Although Zoot is by no means QDA software, you can do quite a lot of qualitative text analysis with Zoot, too. Of course, Zoot lacks special features like visualization, presentation or quantitative analysis of your coding results. However, the price of Zoot, which has a lot more features, is very small, when you see the prices of MAXQDA or ATLAS.ti.
Best regards
Armin
Posted by Dr Andus
Aug 18, 2013 at 08:53 PM
22111 wrote:
CT appears very interesting, albeit I remind the (possibly needed)
>functionality of not only gathering paragraphs, but together with their
>respective “source info” (be that in a special first paragraph of that
>record or elsewhere).
I’m not sure what the final implementation of this feature is going to be, but at least in CT v.6 beta you can do a query for a given “code” (text with which passages have been marked up), which then gathers all the marked-up passages (e.g. in a new document).
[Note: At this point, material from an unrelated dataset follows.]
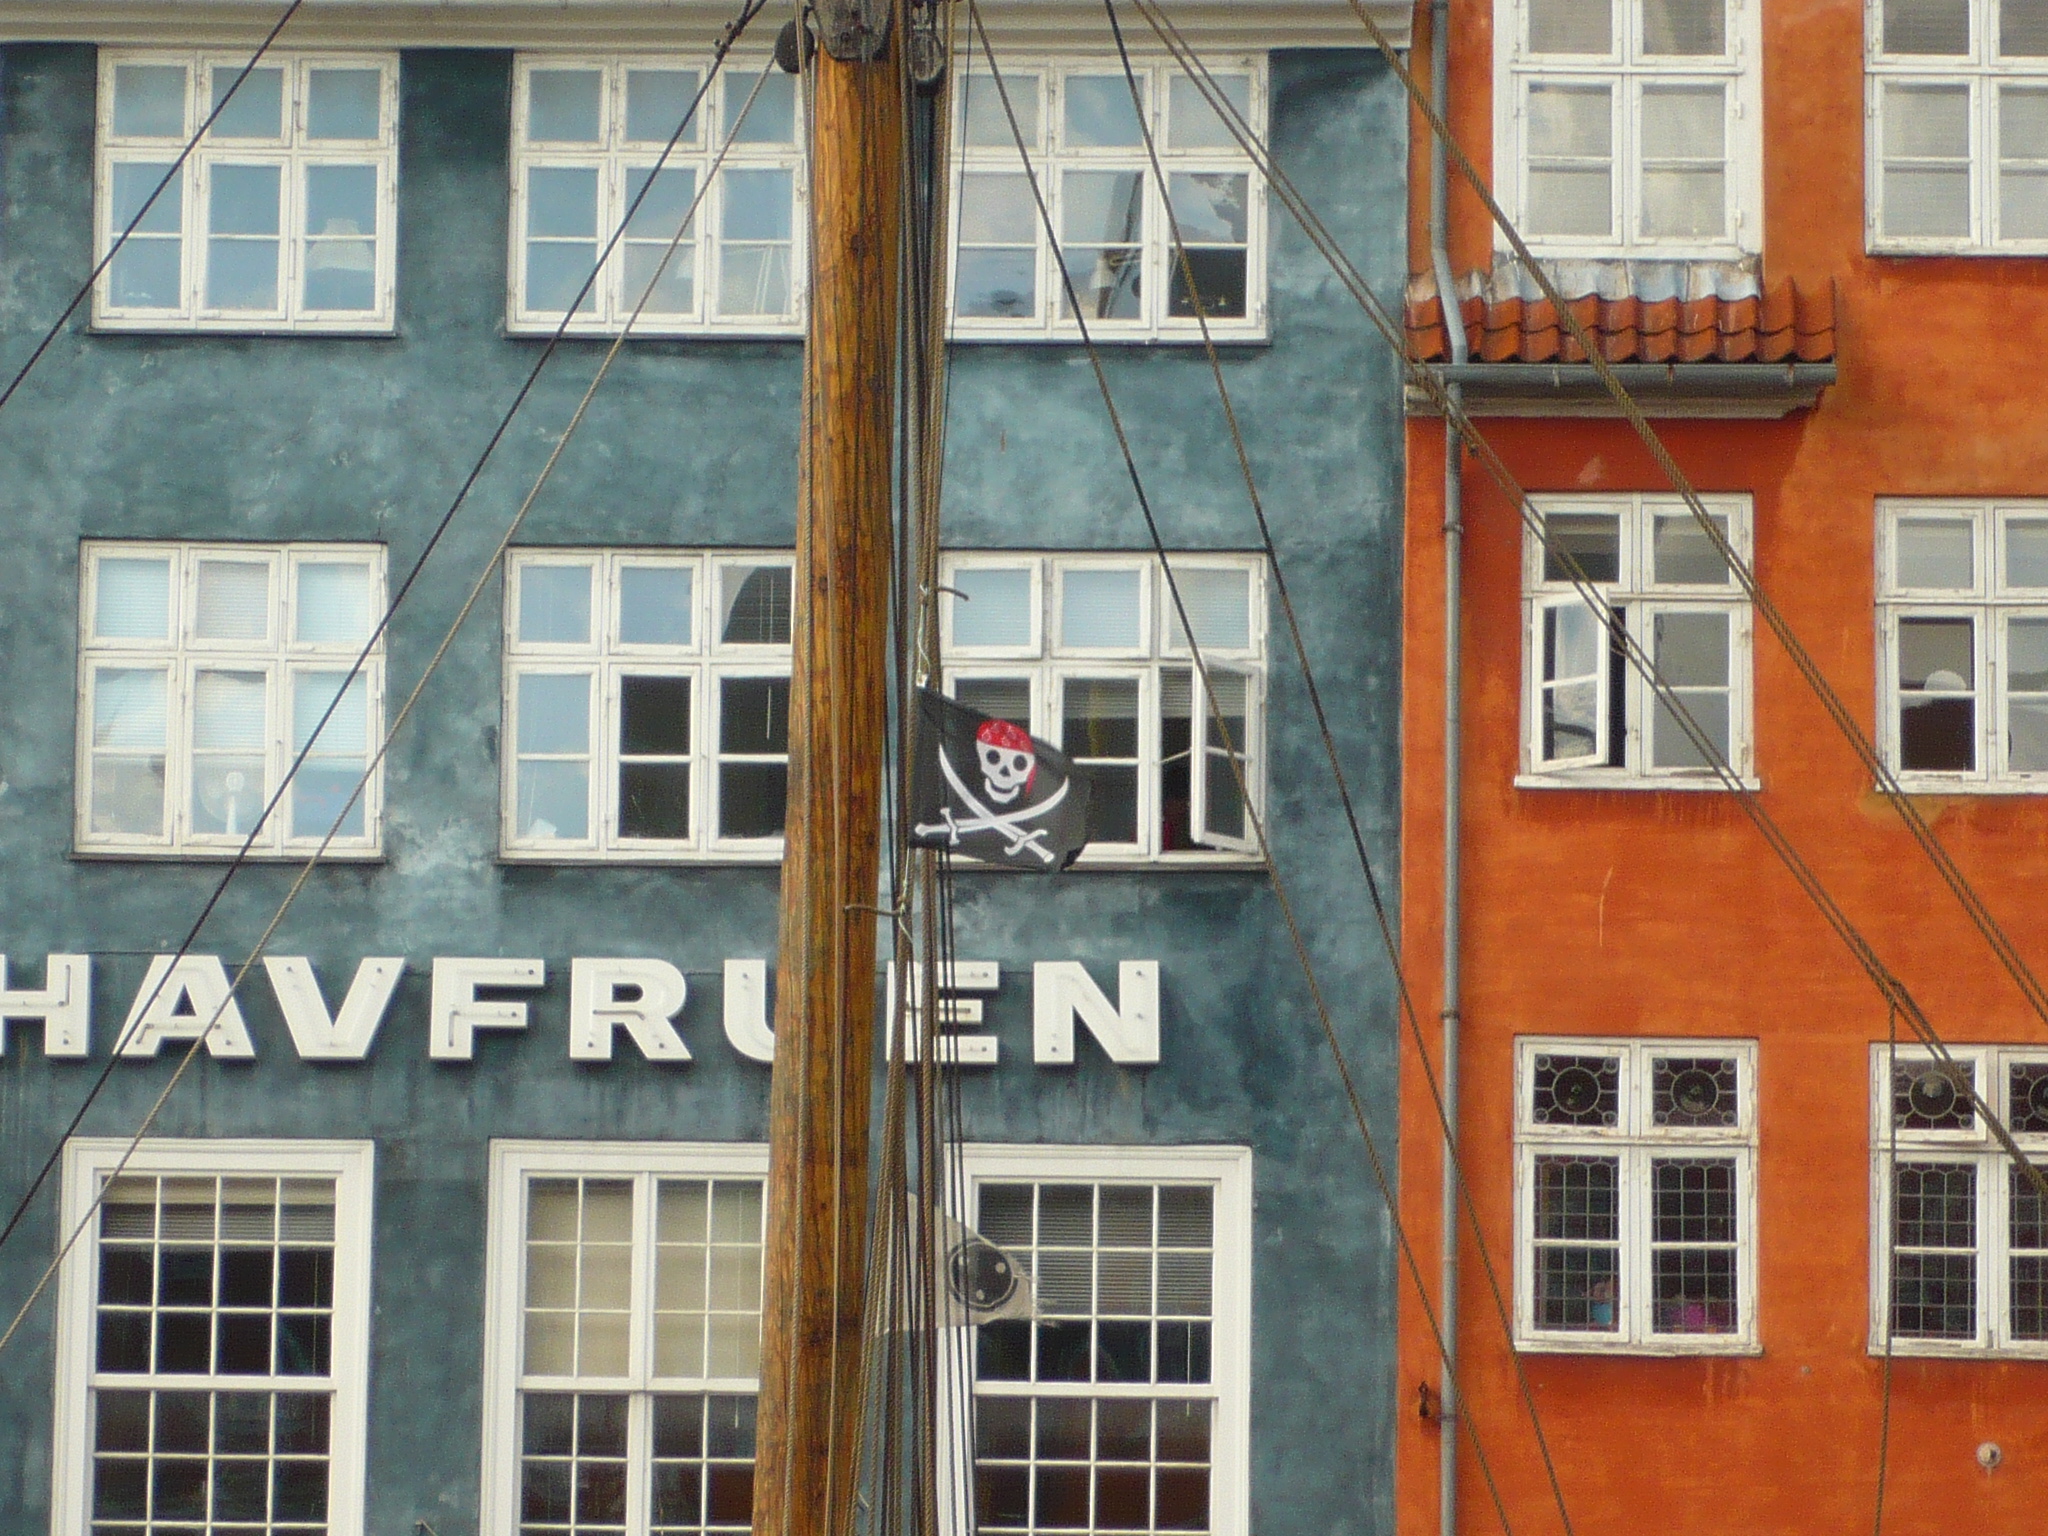 Nyhavn - Copenhagen

Above each gathered passage there would be a hyperlink saying [Edit], and if you click on that, you are taken back to the source document of that particular passage. If you hover over the link with the mouse, the status bar does tell you the name of the source document before clicking.
Posted by Bernhard
Aug 19, 2013 at 09:06 AM
Dr Andus wrote:
22111 wrote:
>I’m not sure what the final implementation of this feature is going to
>be, but at least in CT v.6 beta
It may be OT but is there any news about CT v6? Development started last year in July and there is only a beta forum with no information about a planned publishing date. I don’t want to buy an (possibly soon outdated) upgrade to v5.